Re: Improving btree performance through specializing by key shape, take 2 - Mailing list pgsql-hackers

From Matthias van de Meent
Subject Re: Improving btree performance through specializing by key shape, take 2
Date
Msg-id CAEze2WiivoByXEHgp1CyL+i3_2znHvXcF0sar8wLwhMekxmo_g@mail.gmail.com
Whole thread Raw
In response to Re: Improving btree performance through specializing by key shape, take 2  (Peter Geoghegan <pg@bowt.ie>)
Responses Re: Improving btree performance through specializing by key shape, take 2
List pgsql-hackers
On Mon, 11 Apr 2022 at 03:11, Peter Geoghegan <pg@bowt.ie> wrote:
>
> On Sun, Apr 10, 2022 at 4:08 PM Matthias van de Meent
> <boekewurm+postgres@gmail.com> wrote:
> > I'll send an updated patchset soon (I'm planning on moving around when
> > what is changed/added); but before that the attached incremental patch
> > should help. FYI, the patchset has been tested on commit 05023a23, and
> > compiles (with unused function warnings) after applying the attached
> > patch.
>
> I can get it to work now, with your supplemental patch.
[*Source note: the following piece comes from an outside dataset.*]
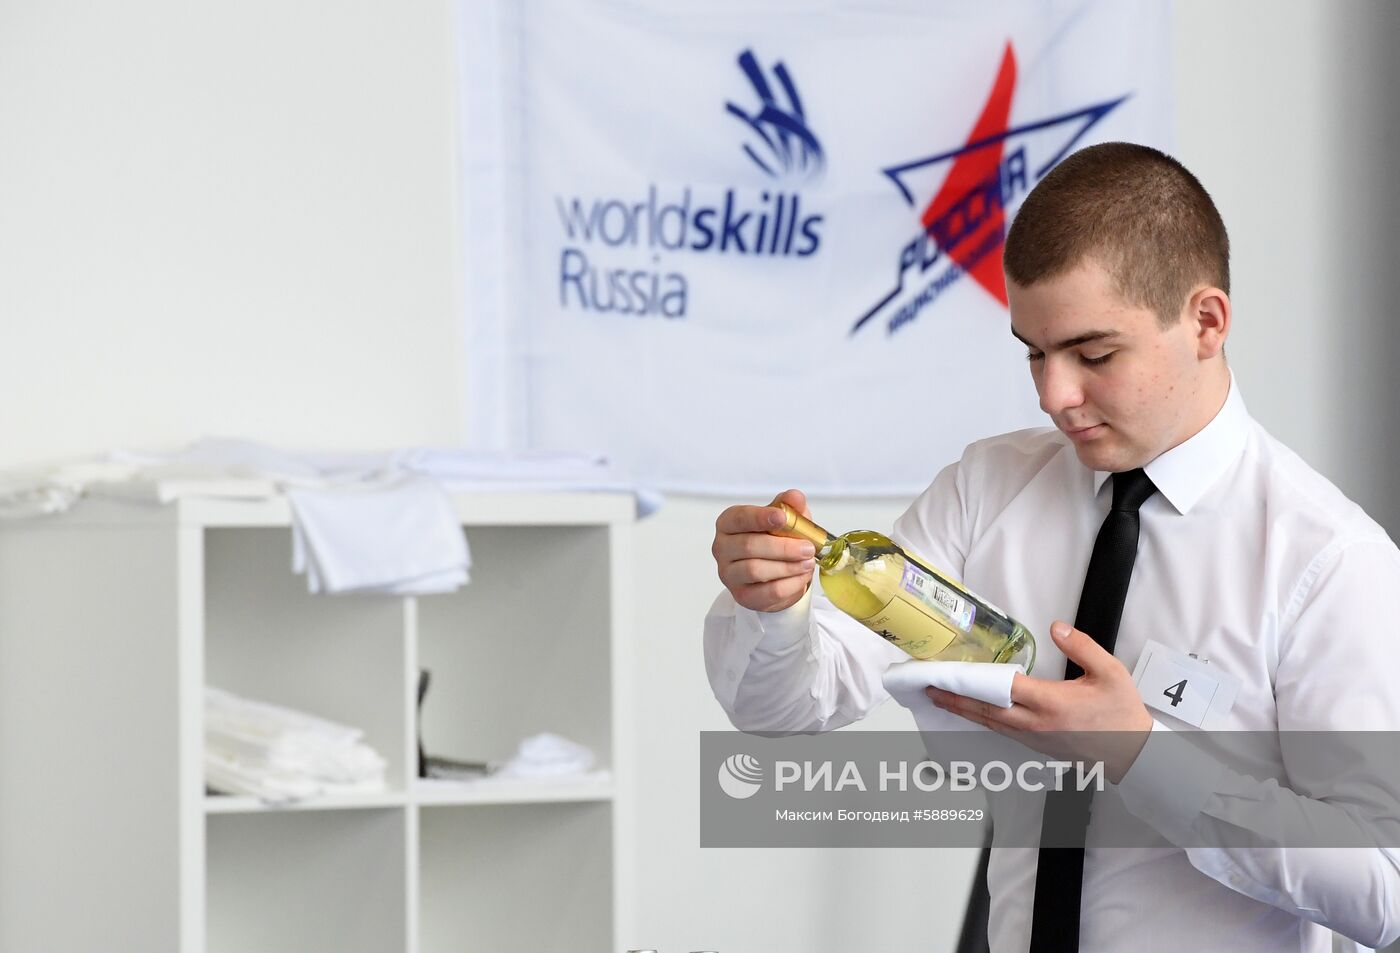 Национальный чемпионат "Молодые профессионалы" (WorldSkills Russia)

Great. Attached is the updated patchset, with as main changes:

- Rebased on top of 5bb2b6ab
- All patches should compile when built on top of each preceding patch.
- Reordered the patches to a more logical order, and cleaned up the
content of each patch
- Updated code so that GCC doesn't warn about unused code.
- Add a patch for dynamic prefix truncation at page level; ref thread at [1].
- Fixed issues in the specialization macros that resulted in issues
with DPT above.

Still to-do:

- Validate performance and share the numbers for the same test indexes
in [1]. I'm planning on doing that next Monday.
- Decide whether / how to keep the NBTS_ENABLED flag. The current
#define in nbtree.h is a bad example of a compile-time configuration,
that should be changed (even if we only want to be able to disable
specialization at compile-time, it should be moved).

Maybe:

- More tests: PG already extensively tests the btree code while it is
running the test suite - btree is the main index AM - but more tests
might be needed to test the validity of the specialized code.
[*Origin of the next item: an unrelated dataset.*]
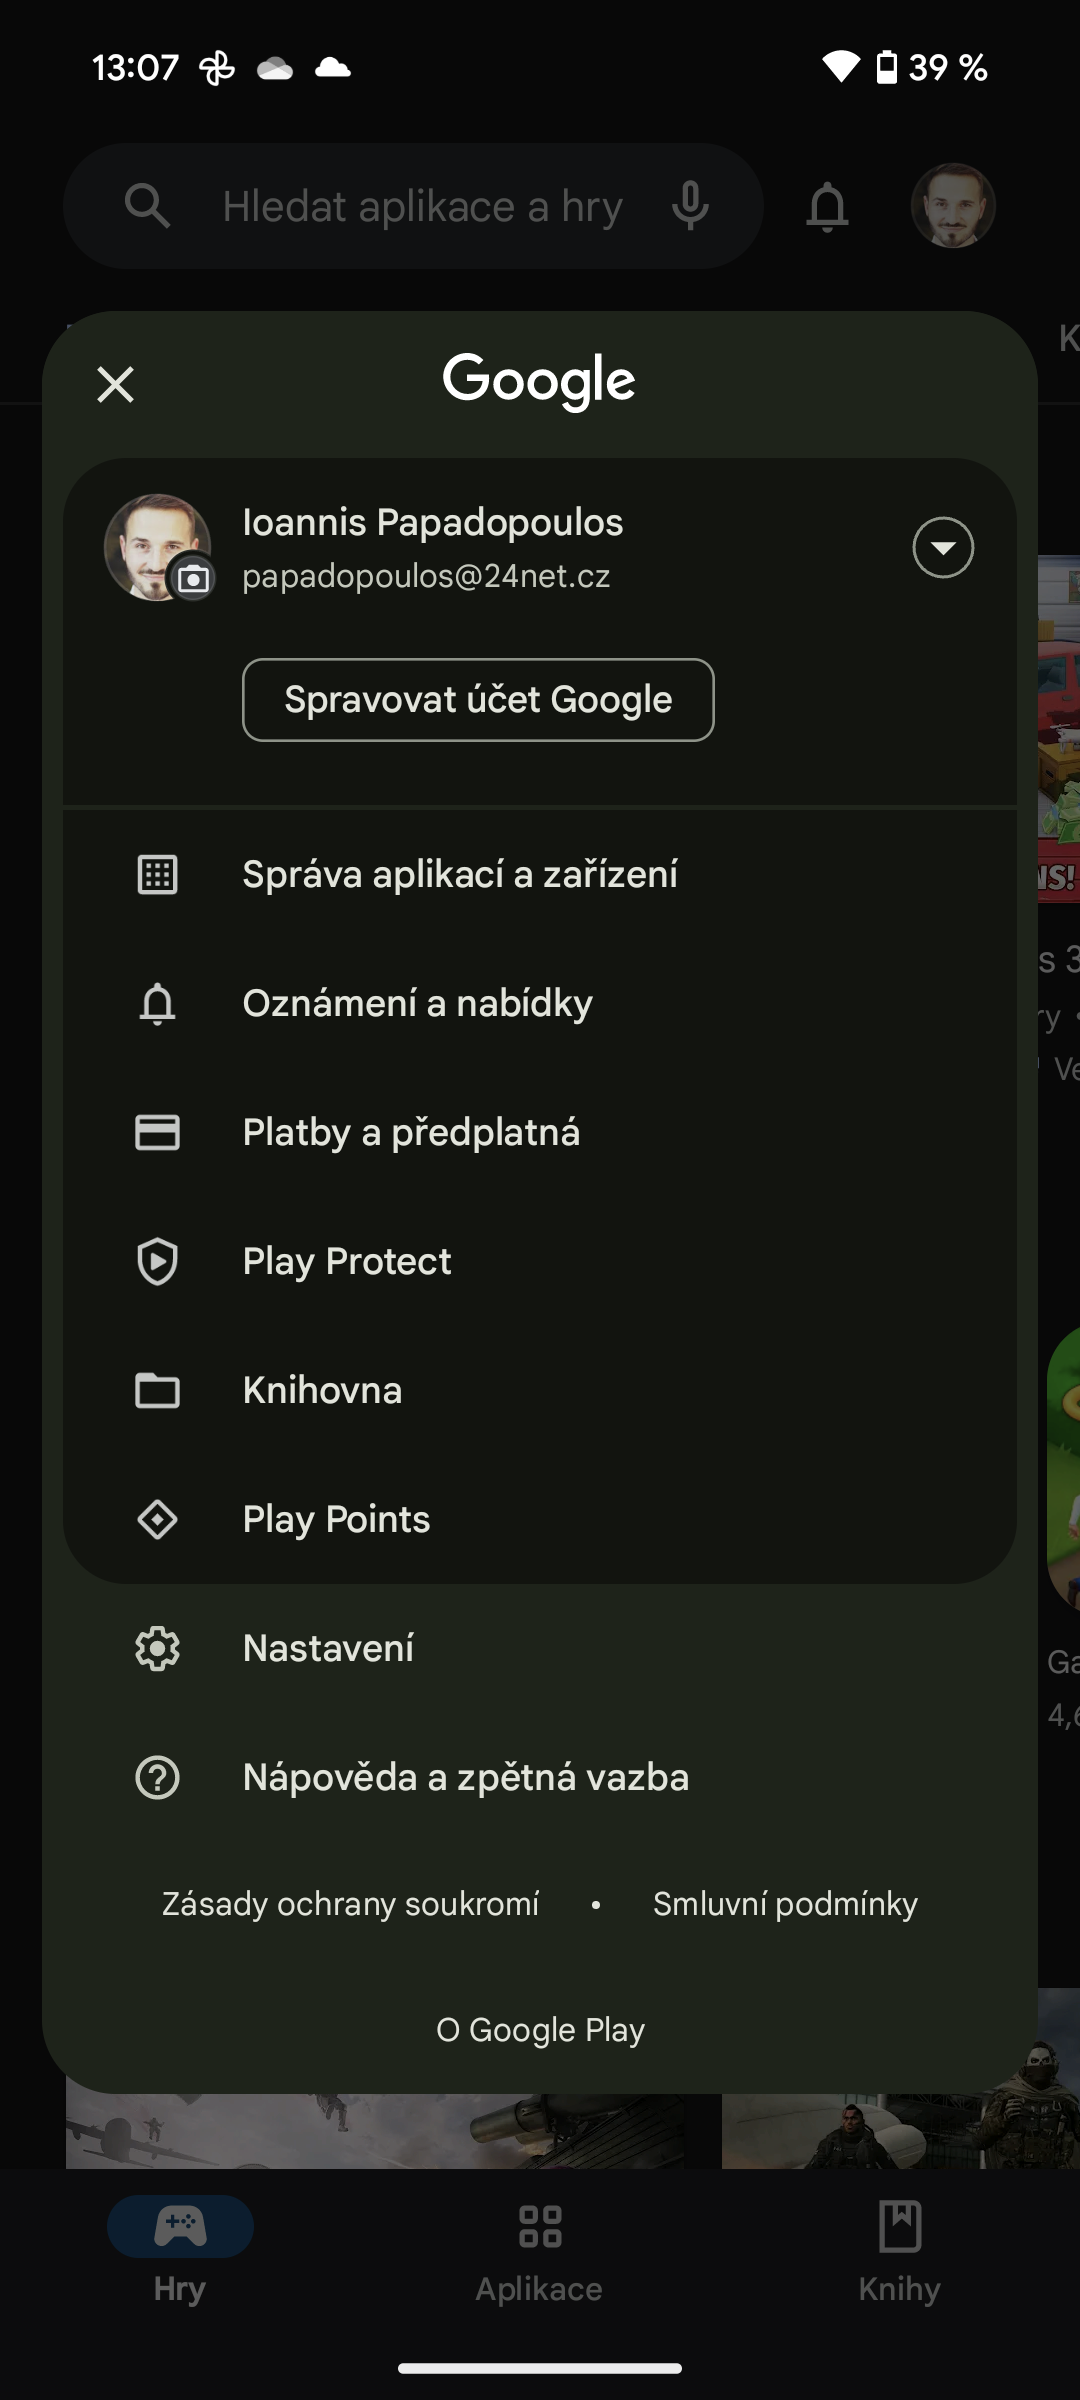 zrušení předplatného mobilenet.cz radí

> > Queries that I expect to be faster are situations where the index does
> > front-to-back attribute accesses in a tight loop and repeated index
> > lookups; such as in index builds, data loads, JOINs, or IN () and =
> > ANY () operations; and then specifically for indexes with only a
> > single key attribute, or indexes where we can determine based on the
> > index attributes' types that nocache_index_getattr will be called at
> > least once for a full _bt_compare call (i.e. att->attcacheoff cannot
> > be set for at least one key attribute).
>
> I did some quick testing of the patch series -- pretty much just
> reusing my old test suite from the Postgres 12 and 13 nbtree work.
> This showed that there is a consistent improvement in some cases. It
> also failed to demonstrate any performance regressions. That's
> definitely a good start.
>
> I saw about a 4% reduction in runtime for the same UK land registry
> test that you yourself have run in the past for the same patch series
> [1].

That's good to know. The updated patches (as attached) have dynamic
prefix truncation from the patch series in [1] added too, which should
improve the performance by a few more percentage points in that
specific test case.

> I suspect that there just aren't that many ways to get that kind
> of speed up with this test case, except perhaps by further compressing
> the on-disk representation used by nbtree. My guess is that the patch
> reduces the runtime for this particular test case to a level that's
> significantly closer to the limit for this particular piece of
> silicon. Which is not to be sniffed at.
>
> Admittedly these test cases were chosen purely because they were
> convenient. They were originally designed to test space utilization,
> which isn't affected either way here. I like writing reproducible test
> cases for indexing stuff, and think that it could work well here too
> (even though you're not optimizing space utilization at all). A real
> test suite that targets a deliberately chosen cross section of "index
> shapes" might work very well.

I'm not sure what you're refering to. Is the set of indexes I used in
[1] an example of what you mean by "test suite of index shapes"?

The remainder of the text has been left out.